* **Input data**
________
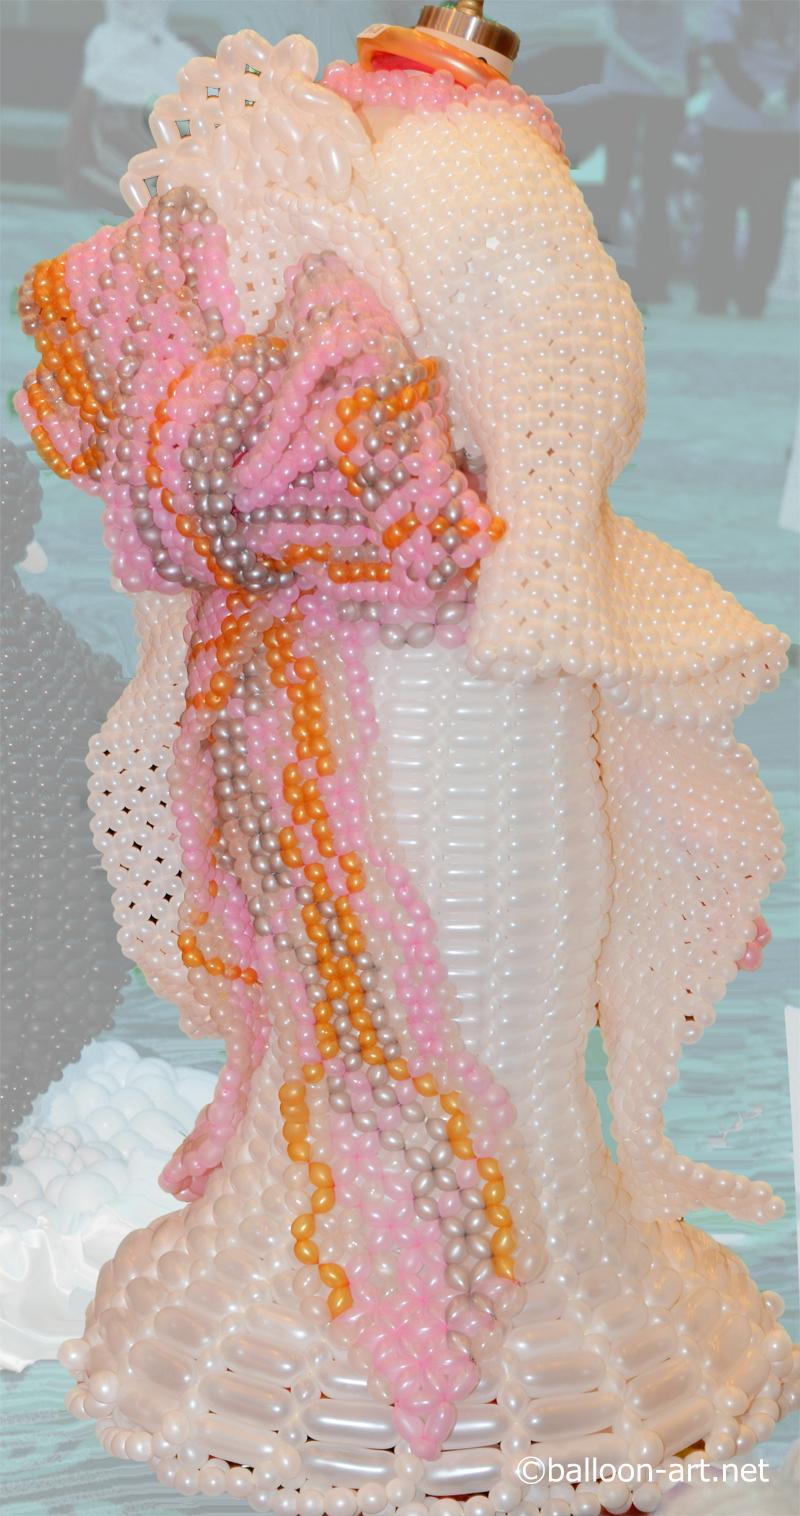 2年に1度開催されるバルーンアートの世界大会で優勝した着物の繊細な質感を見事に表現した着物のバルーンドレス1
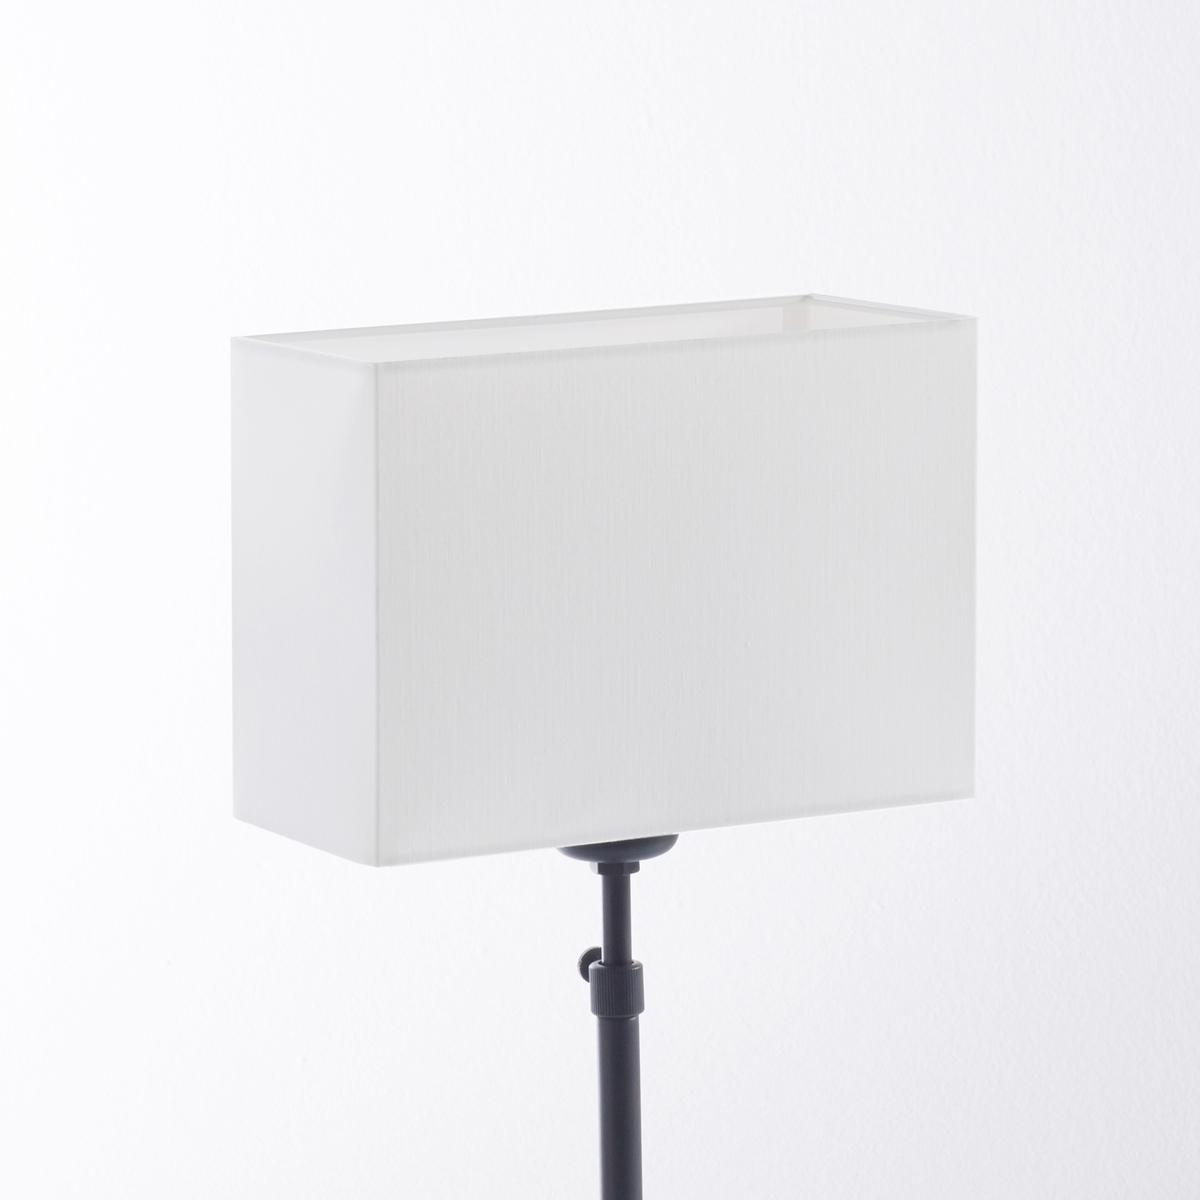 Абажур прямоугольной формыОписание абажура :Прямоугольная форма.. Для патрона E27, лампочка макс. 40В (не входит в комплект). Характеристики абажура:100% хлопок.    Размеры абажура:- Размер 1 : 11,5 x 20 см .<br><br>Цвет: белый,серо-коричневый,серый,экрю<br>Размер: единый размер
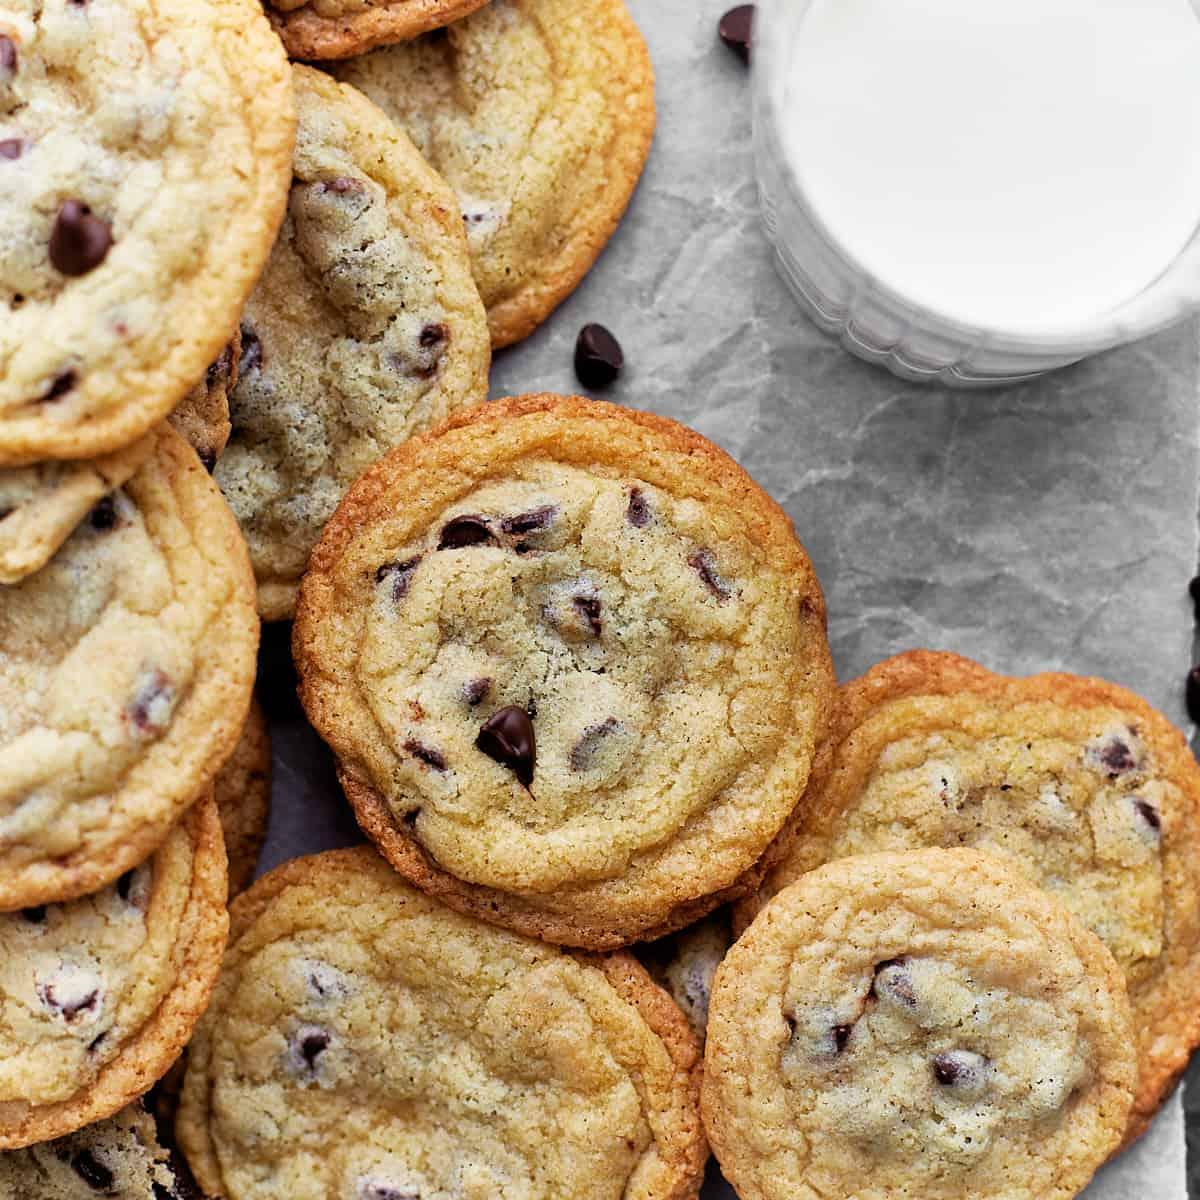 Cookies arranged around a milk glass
________
* **Action item**
Without including any picture, reproduce the material above word for word.

* **Result for this task**
 2年に1度開催されるバルーンアートの世界大会で優勝した着物の繊細な質感を見事に表現した着物のバルーンドレス1
 Абажур прямоугольной формыОписание абажура :Прямоугольная форма.. Для патрона E27, лампочка макс. 40В (не входит в комплект). Характеристики абажура:100% хлопок.    Размеры абажура:- Размер 1 : 11,5 x 20 см .<br><br>Цвет: белый,серо-коричневый,серый,экрю<br>Размер: единый размер
 Cookies arranged around a milk glass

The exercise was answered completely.